CPU times: user 123 ms, sys: 44.5 ms, total: 168 ms
Wall time: 1.91 s




In [7]:
print(ds)

<xarray.Dataset> Size: 4GB
Dimensions:    (time: 24, level: 37, latitude: 721, longitude: 1440)
Coordinates:
  * latitude   (latitude) float64 6kB 90.0 89.75 89.5 ... -89.5 -89.75 -90.0
  * level      (level) float64 296B 1.0 2.0 3.0 5.0 ... 925.0 950.0 975.0 1e+03
  * longitude  (longitude) float64 12kB 0.0 0.25 0.5 0.75 ... 359.2 359.5 359.8
  * time       (time) datetime64[ns] 192B 1941-06-01 ... 1941-06-01T23:00:00
Data variables:
    PV         (time, level, latitude, longitude) float32 4GB dask.array<chunksize=(1, 37, 721, 1440), meta=np.ndarray>
    utc_date   (time) int32 96B dask.array<chunksize=(1,), meta=np.ndarray>
Attributes:
    DATA_SOURCE:          ECMWF: https://cds.climate.copernicus.eu, Copernicu...
    NETCDF_CONVERSION:    CISL RDA: Conversion from ECMWF GRIB 1 data to netC...
    NETCDF_VERSION:       4.8.1
    CONVERSION_PLATFORM:  Linux r1i4n4 4.12.14-95.51-default #1 SMP Fri Apr 1...
    CONVERSION_DATE:      Wed May 10 06:33:49 MDT 2023
    Conventions:       

### Load Data from HDF5 File

This illustrates how loading directly from HDF5 files on S3 can be slow, even with Dask.

In [8]:
with ProgressBar():
    dsl = ds.load()

[########################################] | 100% Completed | 61.19 ss


### Write Zarr Store - No Dask

In [9]:
encoding = {
    "PV": {
        "compressor": zarr.Zstd(),
        "chunks": (1, 1, 721, 1440)
    }
}

In [17]:
target_url = "s3://icechunk-test/ryan/zarr-v2/test-era5-11"
store = zarr.storage.FSStore(target_url)

In [18]:
%time dsl.to_zarr(store, consolidated=False, encoding=encoding, mode="w")

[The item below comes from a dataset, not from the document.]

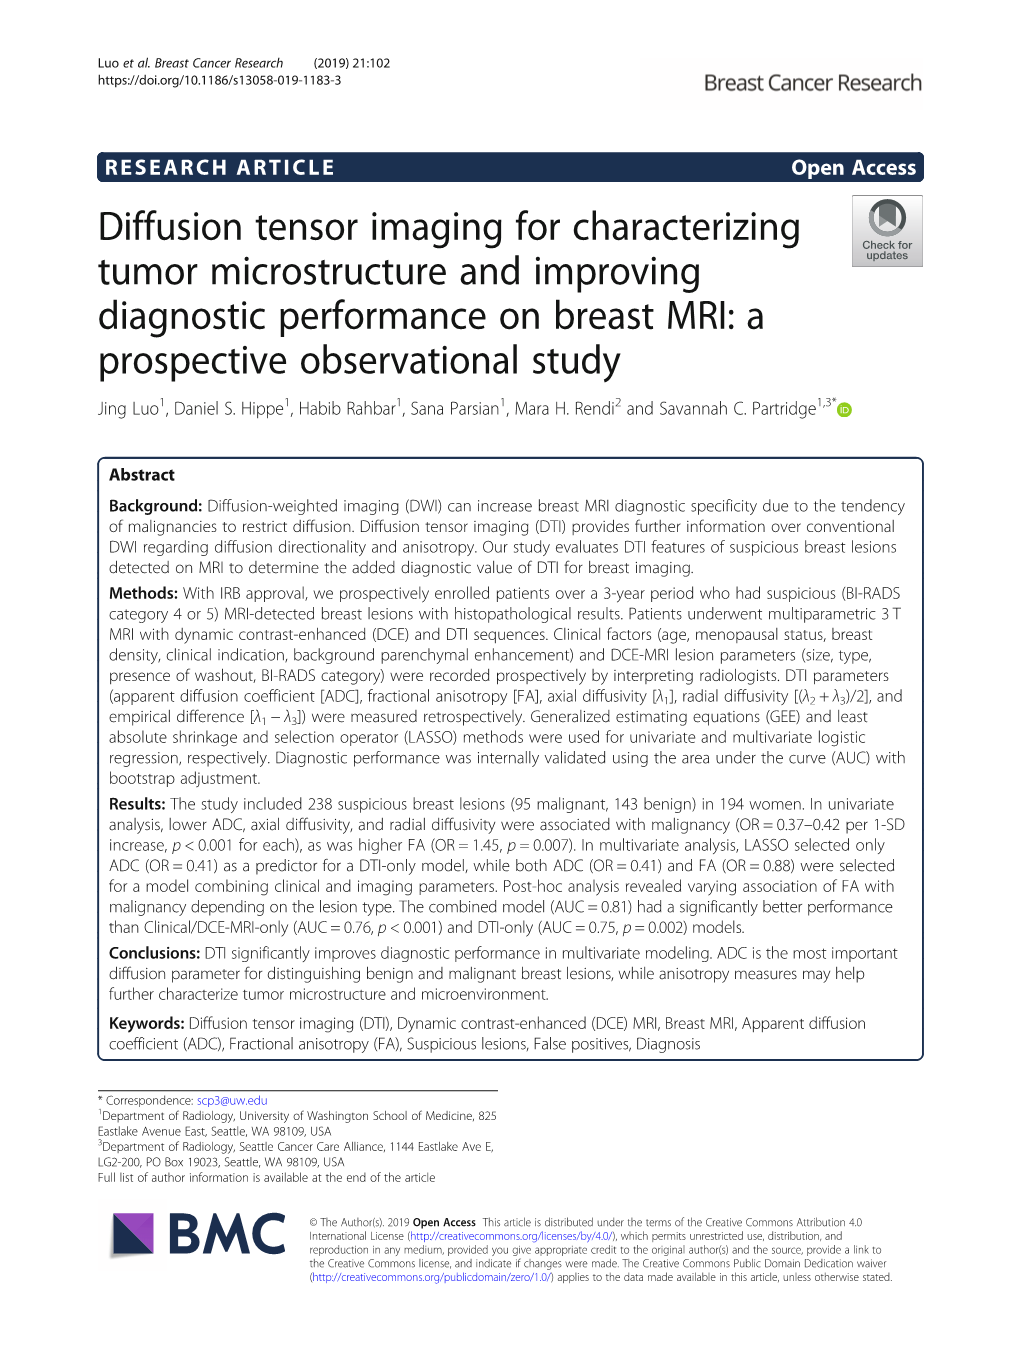 Diffusion Tensor Imaging for Characterizing Tumor Microstructure

CPU times: user 21.4 s, sys: 3.73 s, total: 25.1 s
Wall time: 31.8 s


<xarray.backends.zarr.ZarrStore at 0x7efac8869fc0>

In [22]:
# with dask
dslc = dsl.chunk({"time": 1, "level": 1})
store_d = zarr.storage.FSStore(target_url + '-dask')
with ProgressBar():
    dslc.to_zarr(store_d, consolidated=False, encoding=encoding, mode="w")

[########################################] | 100% Completed | 12.30 s


### Read Data Back

In [12]:
%time dss = xr.open_dataset(store, consolidated=False, engine="zarr")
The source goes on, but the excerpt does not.